The House Democracy Assistance Commission is off to an energetic and encouraging start

March 14, 2006
Press Release

Washington, D.C. - David Price On the Floor of the House of Representatives

Mr. Speaker, it was one year ago today, March 14, 2005, that the House gave final approval to the formation of the House Democracy Assistance Commission. Today I am pleased to report that the HDAC, which is chaired by Rep. David Dreier and on which I serve as Ranking Member, is off to an energetic and encouraging start.

My hope in first proposing creation of the Commission in the 108th Congress was to build upon and extend the pioneering work of the Frost-Solomon Task Force, which in the early 1990s extended support to the emerging democratic parliaments of Central and Eastern Europe. Those hopes began to be realized as Speaker Hastert got behind the idea, the authorizing resolution was refined and passed, and both Speaker Hastert and Leader Pelosi appointed serious, committed Members to carry out the work of the Commission.

During calendar year 2005, the Commission entered into agreements with five parliaments around the world to provide material, technical, and procedural assistance to members of Parliament as they learn how to govern their nations responsibly, effectively, and, in many cases for the first time ever, democratically. The Commission has now, begun its work with these nations: East Timor, Georgia, Indonesia, Kenya, and Macedonia.

Our relationship with these countries will continue, hopefully over the course of several years. At the same time, the Commission will be undertaking programs with a new round of emerging democratic parliaments in 2006. We hope to continue to support our country's ideals and interests in key nations around the world through our assistance.

While our program is still in its early stages, we have already seen clear evidence of the impact it can have. Last month, the Commission's first delegation of members of Congress traveled to Indonesia and East Timor and began to train members of those nations' parliaments. I want to especially thank the members of this delegation: Reps. Jim Kolbe, Lois Capps, Adam Schiff, and Allyson Schwartz, who I understand were greeted with warm welcomes and rapt attention in both countries. While in East Timor, this delegation announced that the House Democracy Assistance Commission would be helping East Timor build a parliamentary library from the ground up, no small accomplishment in a nation with extremely limited resources. Our Commission's work goes far beyond building physical structures, however; we are helping to build the foundations of effective and lasting democracy.

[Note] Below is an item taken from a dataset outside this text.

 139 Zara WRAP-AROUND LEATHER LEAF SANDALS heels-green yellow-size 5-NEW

Mr. Speaker, the House Democracy Assistance Commission is an all-too-rare example of sincere bipartisan cooperation, Chairman Dreier, who chairs our commission, has helped us carry out our work with no considerations other than the best interests of the House, the United States, and our partner parliaments, Under his leadership, our Commission's 16 members have been able to demonstrate to our partners our deeply-felt, shared respect for and admiration of American democracy and the esteemed institution of the House of Representatives. We also owe a particular debt of gratitude to the Commission's Staff Director, John Lis, whose energy and vision have helped us launch the Commission in such a promising way.

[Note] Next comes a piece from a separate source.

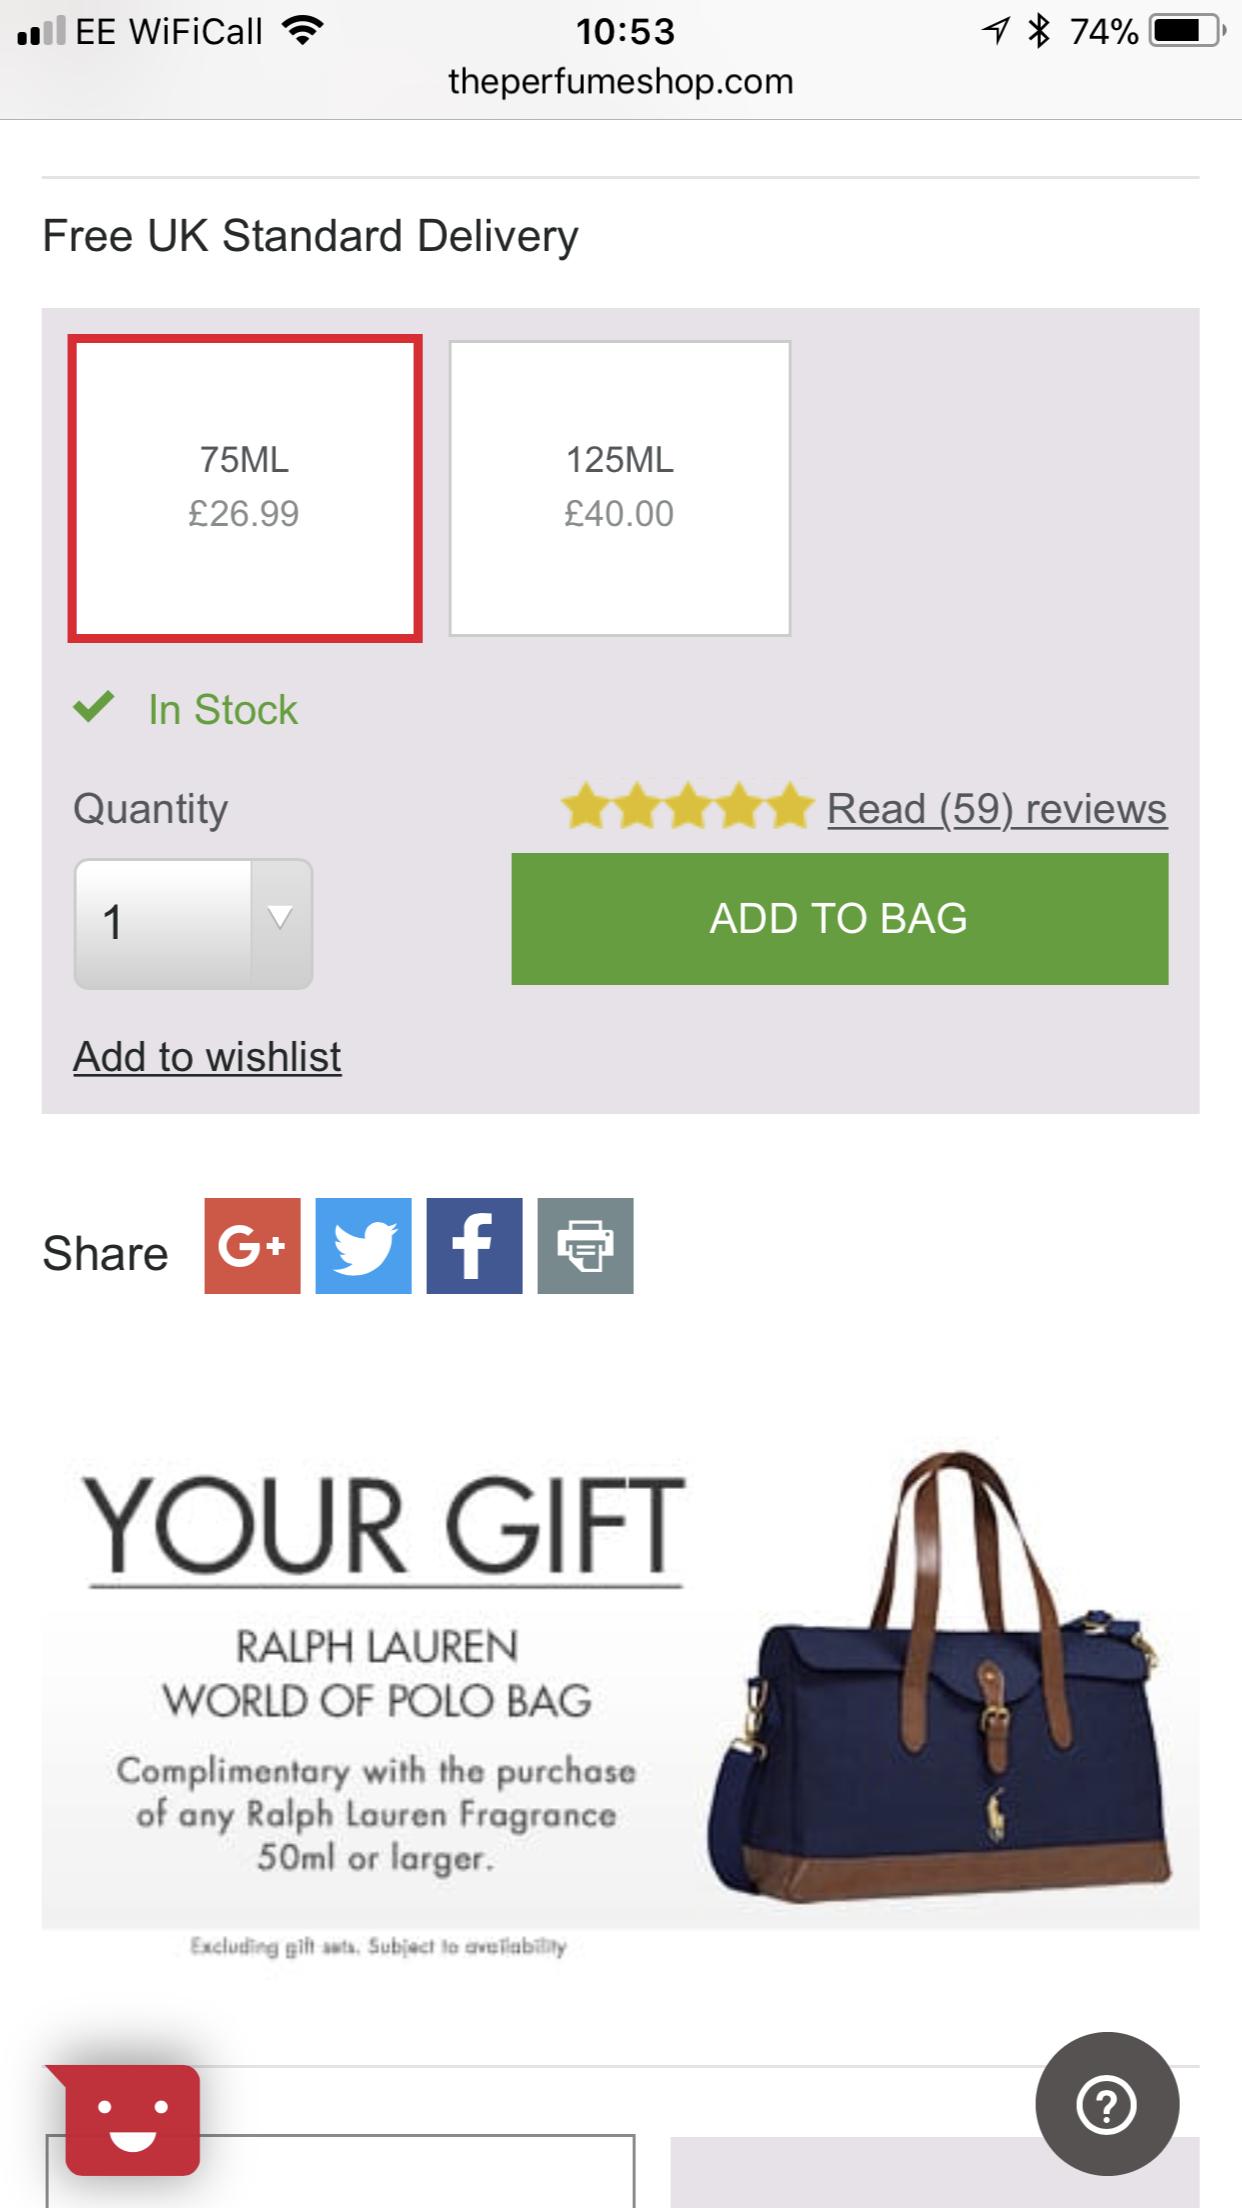 The perfume shop. Ralph Lauren safari 75ml with free polo duffle bag. - £26.99

Every day, members of Congress are called upon to assess and oversee our Nation's policies toward developing democracies around the world. The House Democracy Assistance Commission offers the House an opportunity to directly contribute to the sustainability and effectiveness of these democracies. We are working to establish democracy not just in name but also in practice, training our partners in the nuts and bolts of democratic government. Mr. Speaker, I can think of no more important work for ensuring our national security and maintaining our role as leader of the free world. I thank you and I thank my colleagues for your support, and I look forward to continuing our work.